# Lab 14

Welcome to Lab 14! In this lab we will get more practice with random sampling. More information about randomness can be found in textbook chapter 8, starting [here](https://data-8r.gitbooks.io/textbook/chapters/08/randomness.html).

In [None]:
# Run this cell, but please don't change it.

# These lines import the Numpy and Datascience modules.
import numpy as np
from datascience import *

# These lines do some fancy plotting magic
import matplotlib
%matplotlib inline
import matplotlib.pyplot as plots
plots.style.use('fivethirtyeight')

# Don't change this cell; just run it. 
from client.api.notebook import Notebook
ok = Notebook('lab14.ok')
_ = ok.auth(inline=True)

The dataset for this lab includes salary data and statistics for every NBA basketball player from the 2014-2015 NBA season. This data was collected from [basketball-reference](http://www.basketball-reference.com) and [spotrac](http://www.spotrac.com).

Run the cell below to load the player and salary data.

In [None]:
full_data = Table().read_table("salary_data.csv").join("PlayerName", Table().read_table("player_data.csv"), "Name")
full_data.show(3)

Rather than getting data on every player, imagine that we had gotten data on only a smaller subset of the players.  For 492 players, it's not so unreasonable to expect to see all the data, but usually we aren't so lucky.  Instead, we are often forced to learn things about a large underlying population using a smaller sample.  When we do this, we are doing *statistical inference*.

A statistical inference is a statement about some fact about the underlying population, such as "the average salary of NBA players in 2014 was $3".  You may have heard the word "inference" used in other contexts.  It's important to keep in mind that statistical inferences, unlike, say, logical inferences, can be wrong.

A general strategy for inference using samples is to estimate facts about the population by computing the same facts about a sample.  This strategy sometimes works well and sometimes doesn't.  The degree to which it gives us useful answers depends on several factors, and we'll touch lightly on a few of those today.

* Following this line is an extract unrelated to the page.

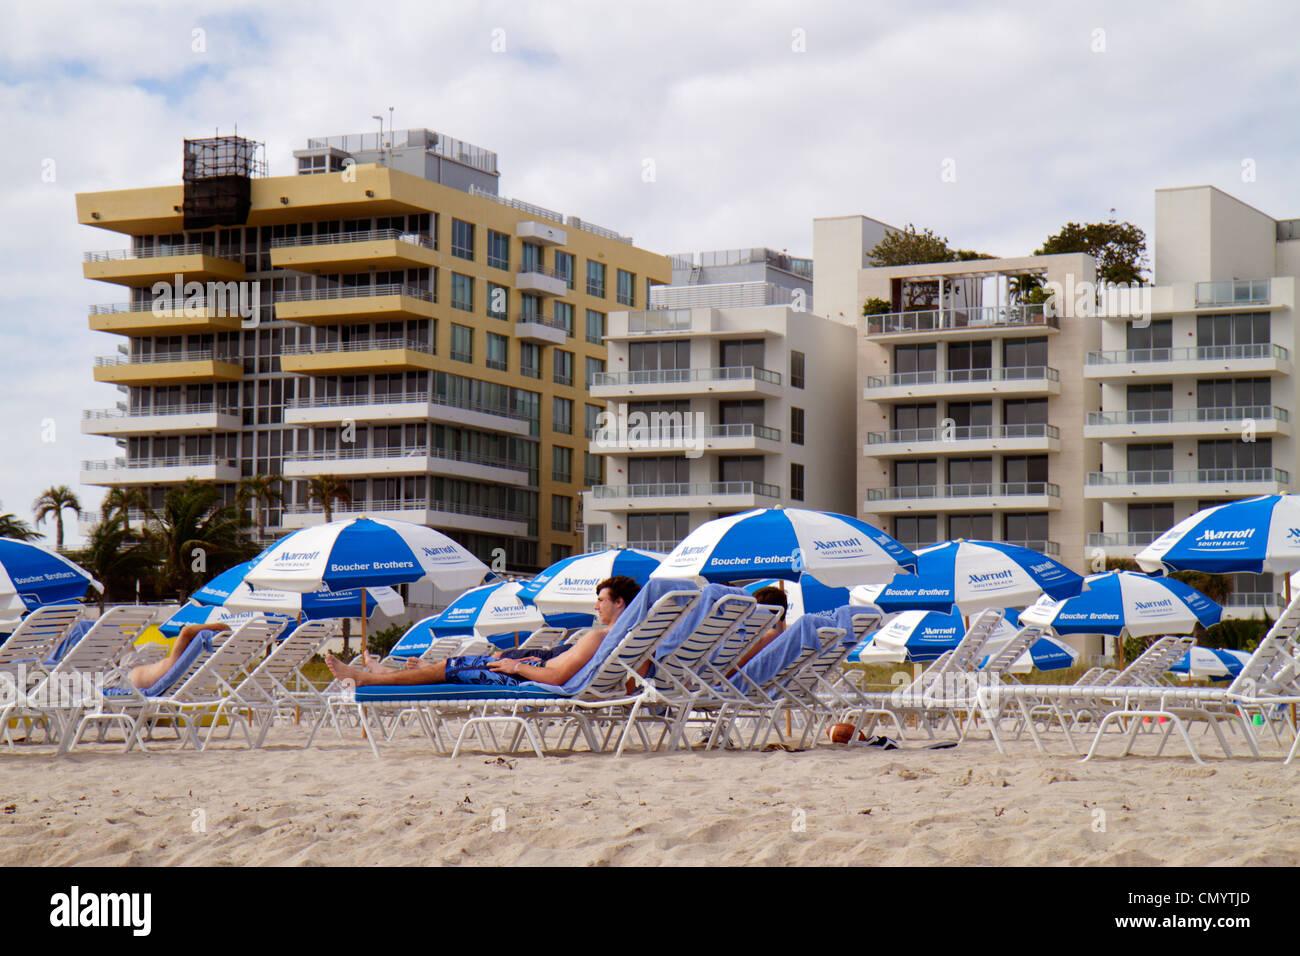 Miami Beach Florida rental lounge chairs condominium building man sunbathing public beach Stock Photo

One very important factor in the utility of samples is how they were gathered.  We have prepared some example sample datasets to simulate inference from different kinds of samples for the NBA player dataset.  Later we'll ask you to create your own samples to see how they behave.

To save typing and increase the clarity of your code, we will package the loading and analysis code into two functions. This will be useful in the rest of the lab as we will repeatedly need to create histograms and collect summary statistics from that data.

In [None]:
# Run this cell to define a function that creates age
# and salary histograms.

def histograms(t):
    ages = t.column('Age')
    salaries = t.column('Salary')
    age_bins = np.arange(min(ages), max(ages) + 2, 1)
    salary_bins = np.arange(min(salaries), max(salaries) + 2000000, 1000000)
    t.hist('Age', bins=age_bins, unit='year')
    t.hist('Salary', bins=salary_bins, unit='$')
    return age_bins # Keep this statement so that your work can be checked
    
histograms(full_data)

### Question 1
Create a function called `compute_statistics` that takes a single argument, a Table containing ages (in a column called "Age") and salaries (in a column called "Salary").  It should:
- Draw a histogram of ages in that table.
- Draw a histogram of salaries in that table.
- Return a two-element array containing the average age and average salary in that table, in that order.

*Hint:* You can call your `histograms` function to draw the histograms!

In [None]:
def compute_statistics(age_and_salary_data):
    histograms(age_and_salary_data) #SOLUTION
    age = age_and_salary_data.column("Age") #SOLUTION
    salary = age_and_salary_data.column("Salary") #SOLUTION
    return make_array(np.mean(age), np.mean(salary)) #SOLUTION

full_stats = compute_statistics(full_data)
full_stats

In [None]:
_ = ok.grade('q1') # Warning: Charts will be displayed while running this test

### Question 2
When you ran the cell containing your answer to question 1, you should have seen an array with 2 numbers, and then 2 histograms.  Describe the meaning of each number and each histogram.  What dataset do they come from?

**SOLUTION:** The results are all for *all NBA players in 2014-2015*.  The first number is their average age (26), and the second is their average salary.  The first histogram shows the distribution of their ages, and the second shows the distribution of their salaries.

### Convenience sampling
One sampling methodology, which is **generally a bad idea**, is to choose players who are somehow convenient to sample.  For example, you might choose players from one team that's near your house, since it's easier to survey them.  This is called, somewhat pejoratively, *convenience sampling*.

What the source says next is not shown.